New Jersey’s battle over benefits could hit a fever pitch today.

Thousands of public workers are expected to stage what leaders vow will be their biggest Statehouse protest yet over a controversial bill to force them to pay more for health insurance and pensions. The bill is up for final passage in the Assembly, which would send it to Gov. Chris Christie, who is expected to sign it swiftly.

Leading up to today’s battle, a state workers union chapter Wednesday filed a federal suit against the state saying its contract was broken because pension payments were skipped. And Christie pitched the plan at a town hall where he was booed by some teachers.

At a town hall in Fair Lawn, Christie said the measure, a focal point of his agenda, is needed to restore the state’s fiscal balance and ensure the solvency of the pension fund.

“We have support with both political parties to do this,” Christie said. “It isn’t like other states.”

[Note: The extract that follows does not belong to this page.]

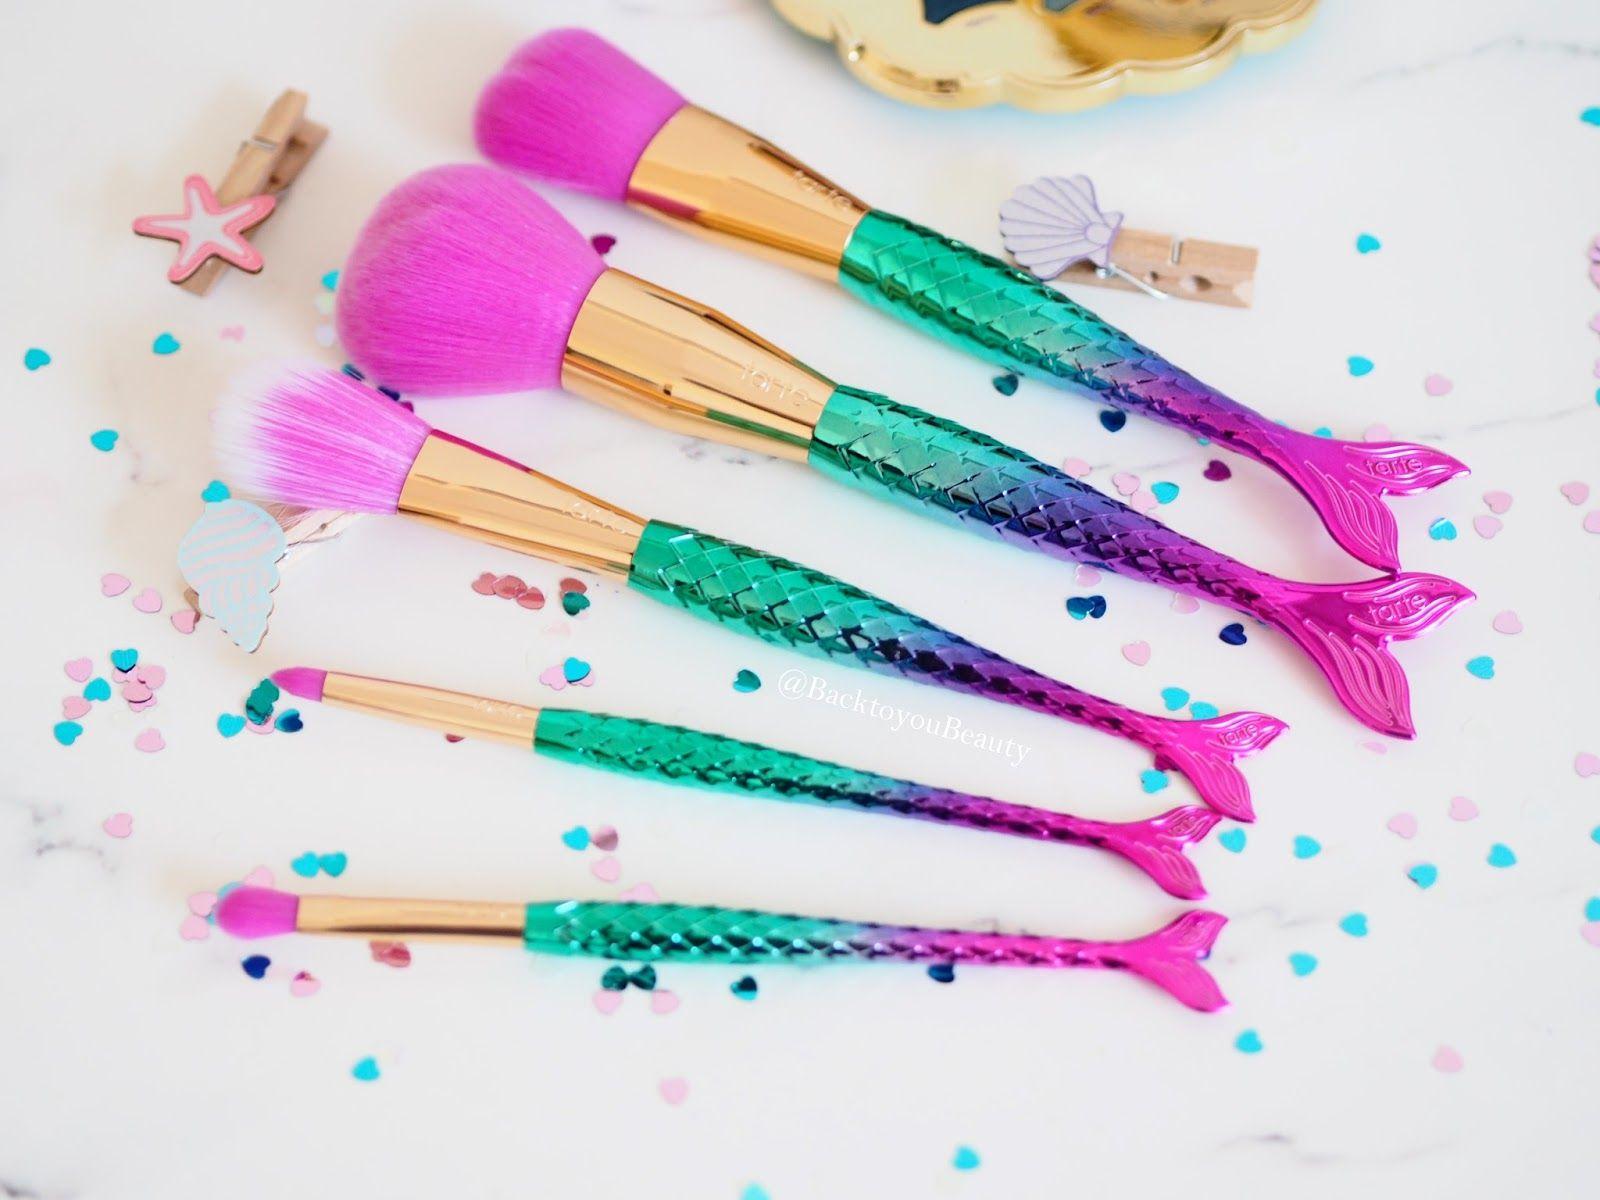 Tarte 5 minutes to mermaid brushes Mermaid makeup

Fair Lawn schools finished for the summer Tuesday and a group of teachers packed the meeting. The crowd was less friendly than most of his meetings: half the attendees booed when he went through his proposals, and the other half, supporters of the governor, clapped louder in an attempt to drown them out.

“As always in our democracy, there will be people who disagree,” Christie said, acknowledging the dissenters.

Lauren Gimon, a math teacher at Fair Lawn High School, joined a group of about 50 teachers who stood on street corners out the meeting holding signs and waving at passing cars. Gimon said she’s hopeful the efforts by public employees to rally in Trenton and across the state will have some influence.

“It made a difference in Wisconsin,” Gimon said.

With passage in the Assembly seeming almost inevitable, one union began what could be the first of a several court battles. Local 1033 of the Communication Workers of America filed a lawsuit in federal court claiming the state failed to meet his contractual obligations when it didn’t contribute to the pension system.

READ MORE: NJ STAR LEDGER



7 Responses

  1. The unions and their entitlement mentality are destroying our country.

    May Hashem bless Chris Christie and grant him the strength to do what needs to be done.

    On a related note…

    I listened to Rabbi Yaakov Spivak the other night, and he was talking about how economic crises lead to anti-Semitism.
    Interestingly, in Greece (where they have a huge crisis), there was a shul burned during Pesach, and just the other day, the Hellenist goyim desecrated a cemetery for Holocaust survivors.

    These tough economic times and spending-splashing may lead to riots, as we’re already seeing in these liberal/welfare/entitlement states. Terrible, terrible stuff.

  2. L’havdil ben eluf havdala…this is a blood libel against public employees. I raise again something I talked about in an earlier post.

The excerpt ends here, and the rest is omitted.